→ What you need to do: The part below that opens with the line containing "Michael Imperioli 2020" and closes with the line containing "guy laroche vintage bag" should be copied exactly, minus any pictures.

→ Supplied data:
——
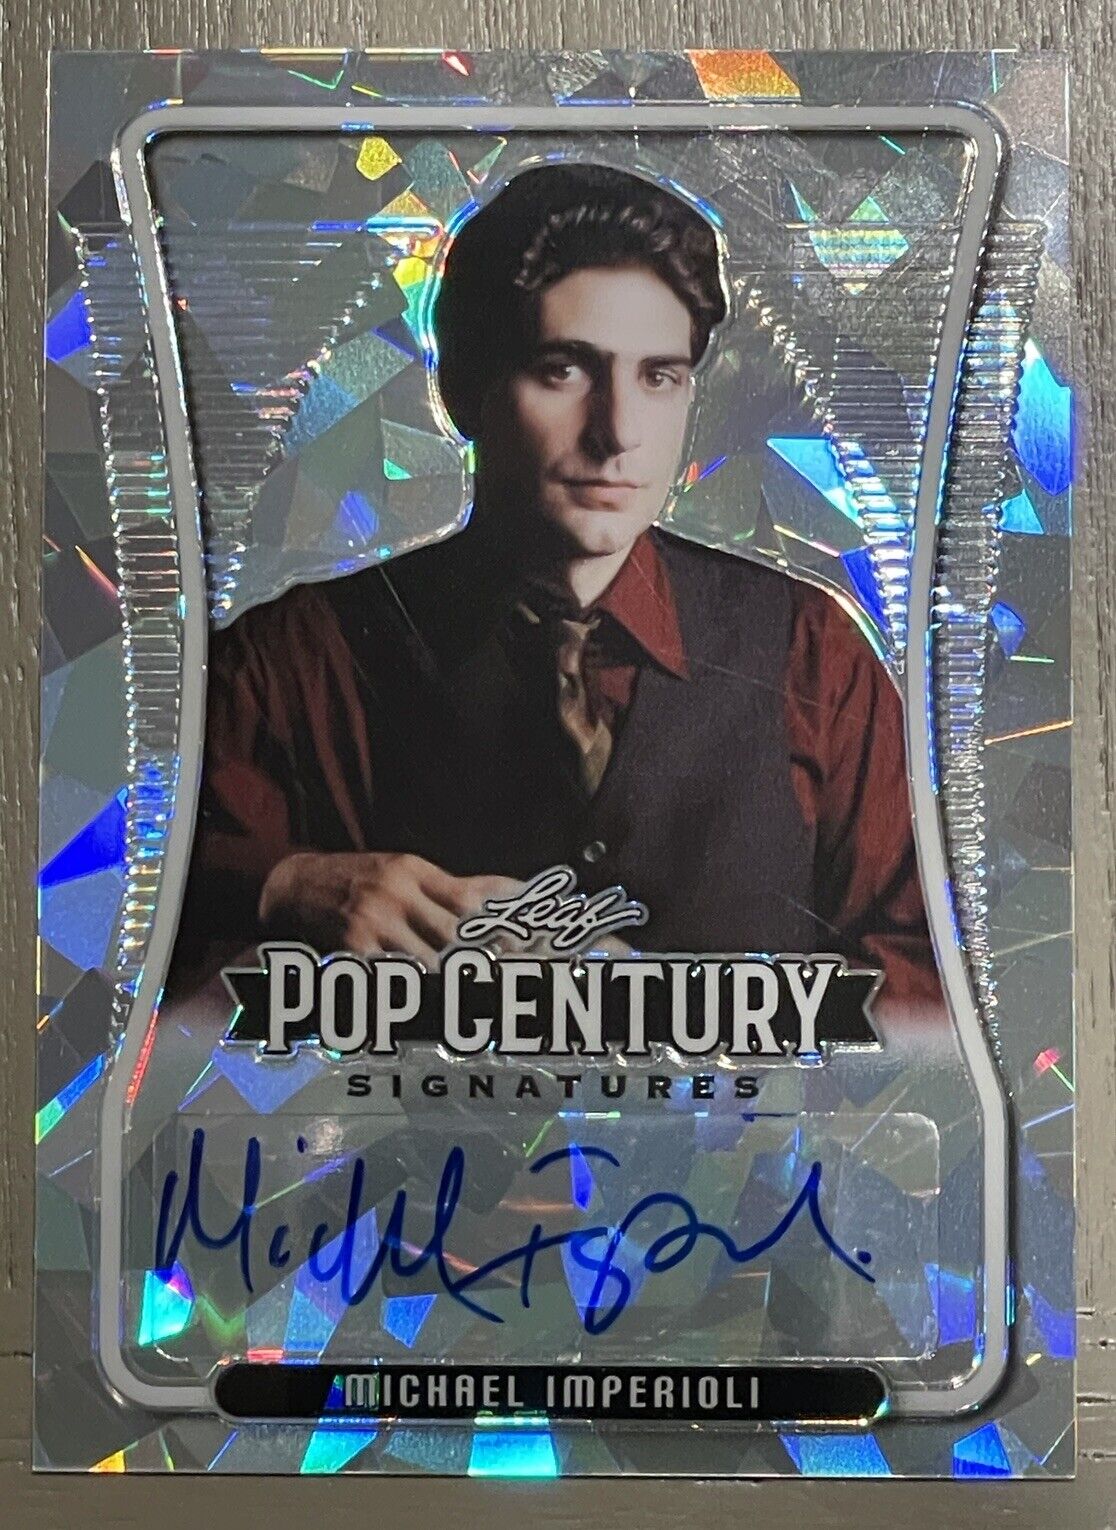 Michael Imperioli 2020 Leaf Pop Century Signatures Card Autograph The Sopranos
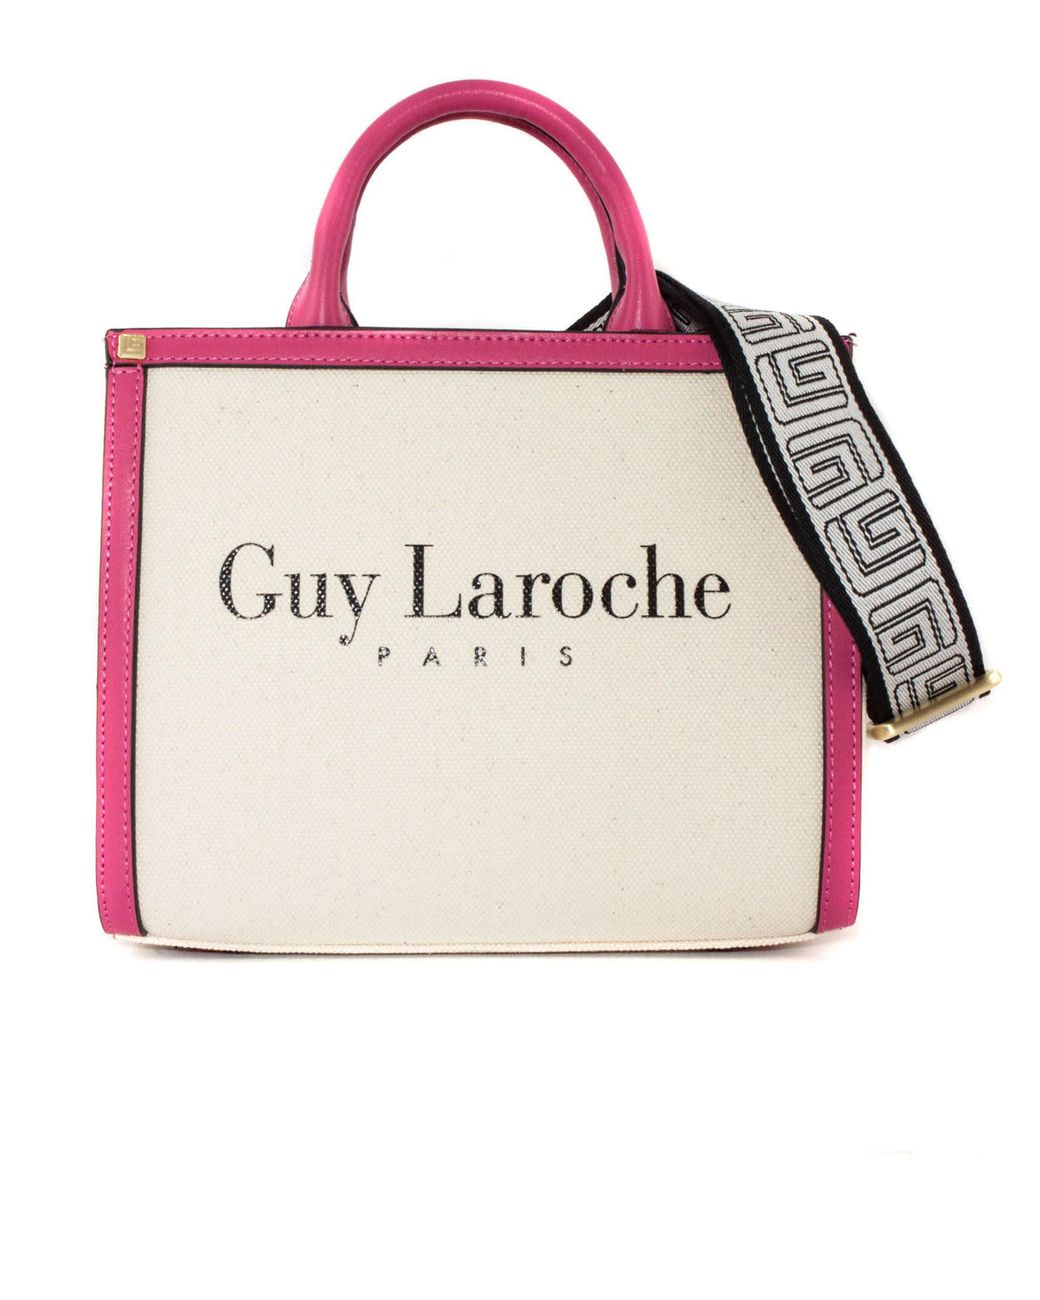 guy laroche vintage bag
——
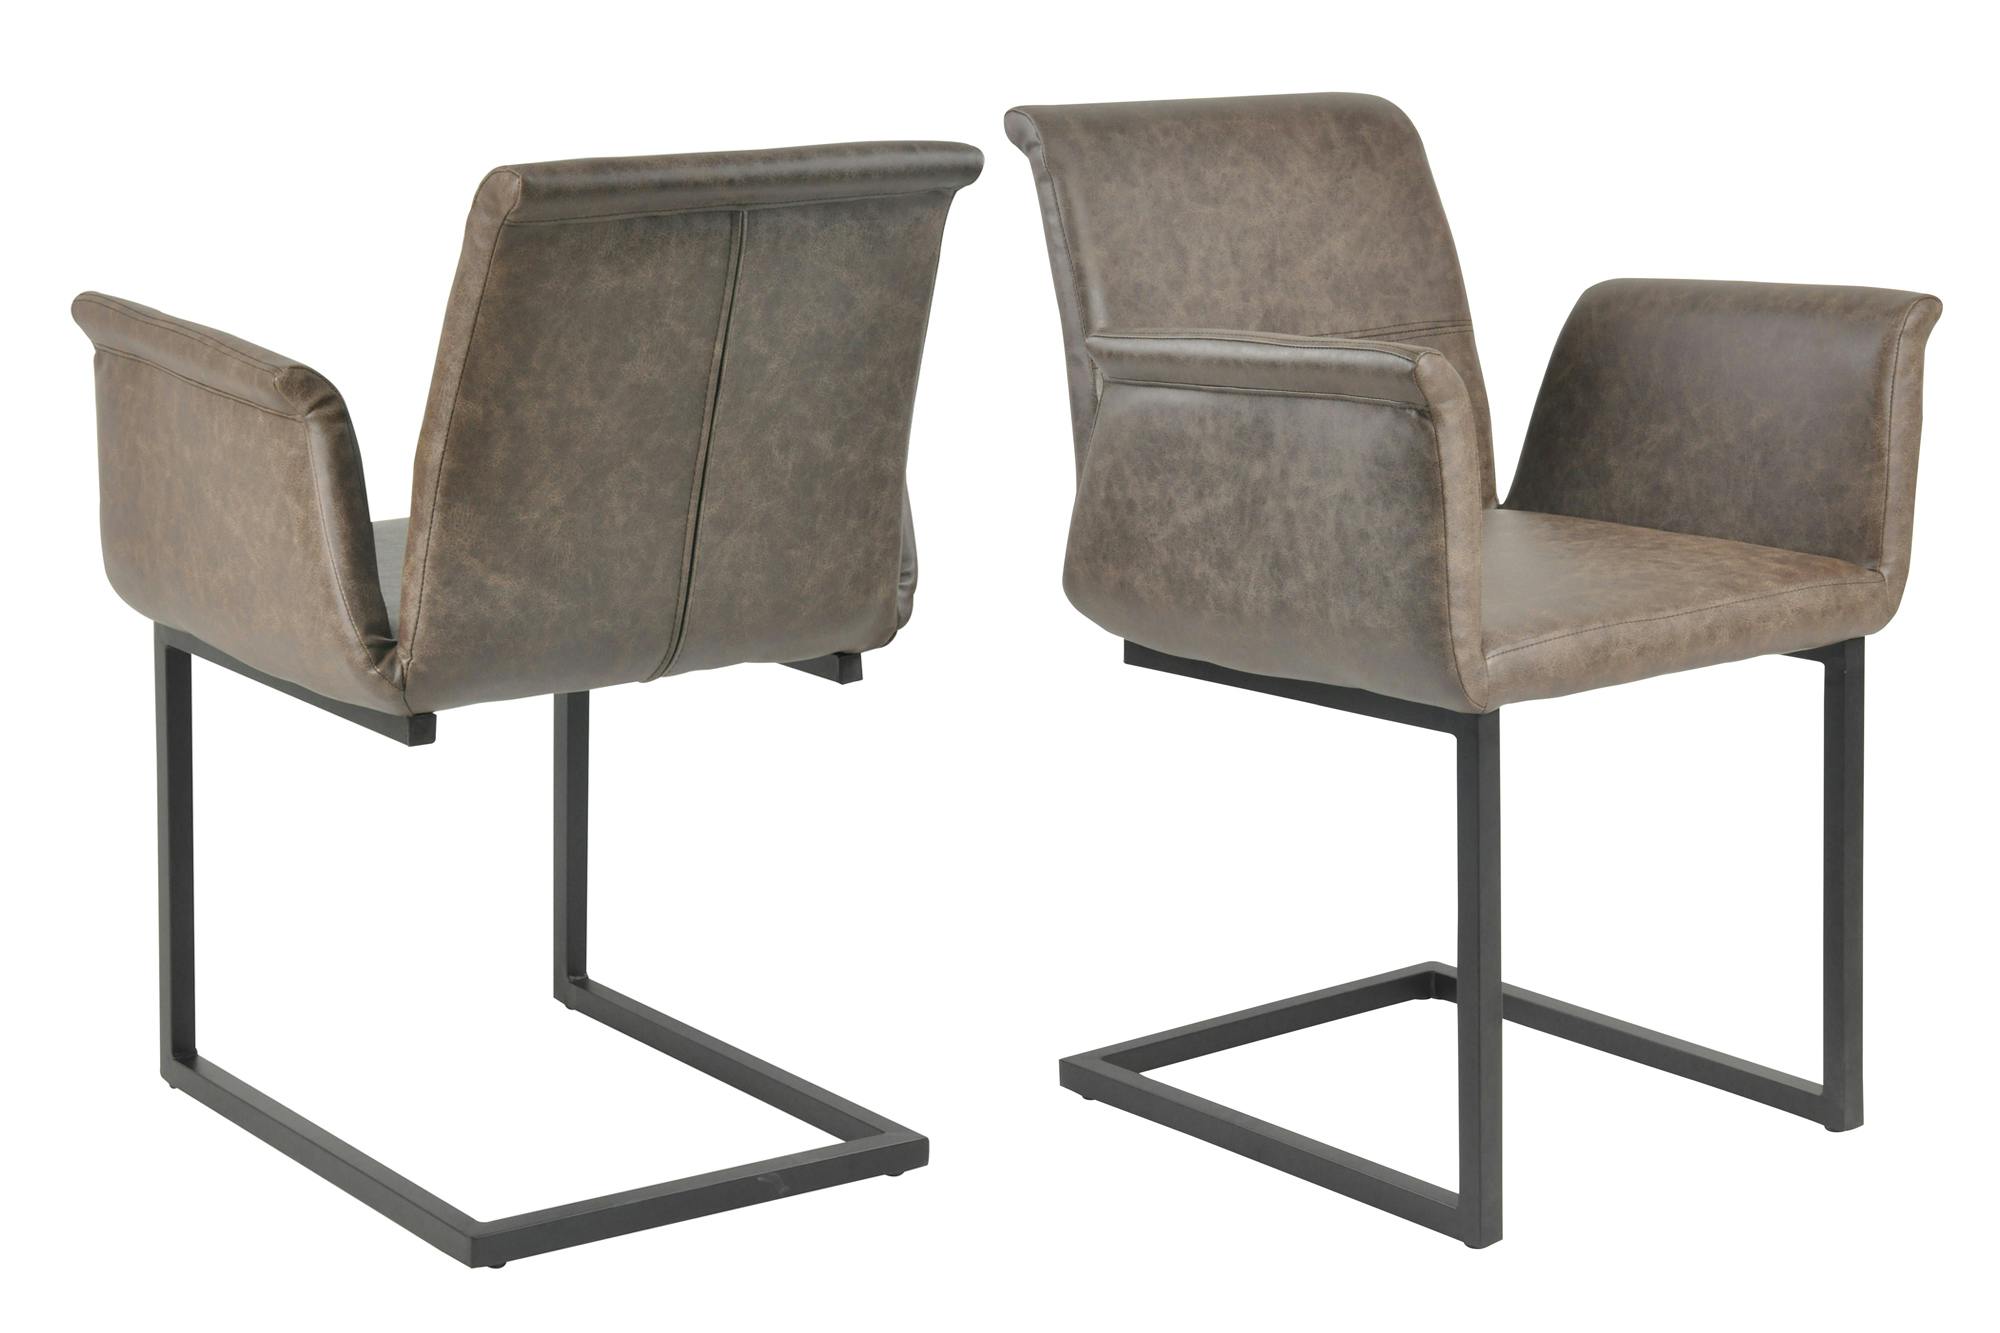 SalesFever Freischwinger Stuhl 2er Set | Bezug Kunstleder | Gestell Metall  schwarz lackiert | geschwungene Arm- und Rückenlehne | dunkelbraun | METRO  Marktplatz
——
→ Exercise output:
 Michael Imperioli 2020 Leaf Pop Century Signatures Card Autograph The Sopranos
 guy laroche vintage bag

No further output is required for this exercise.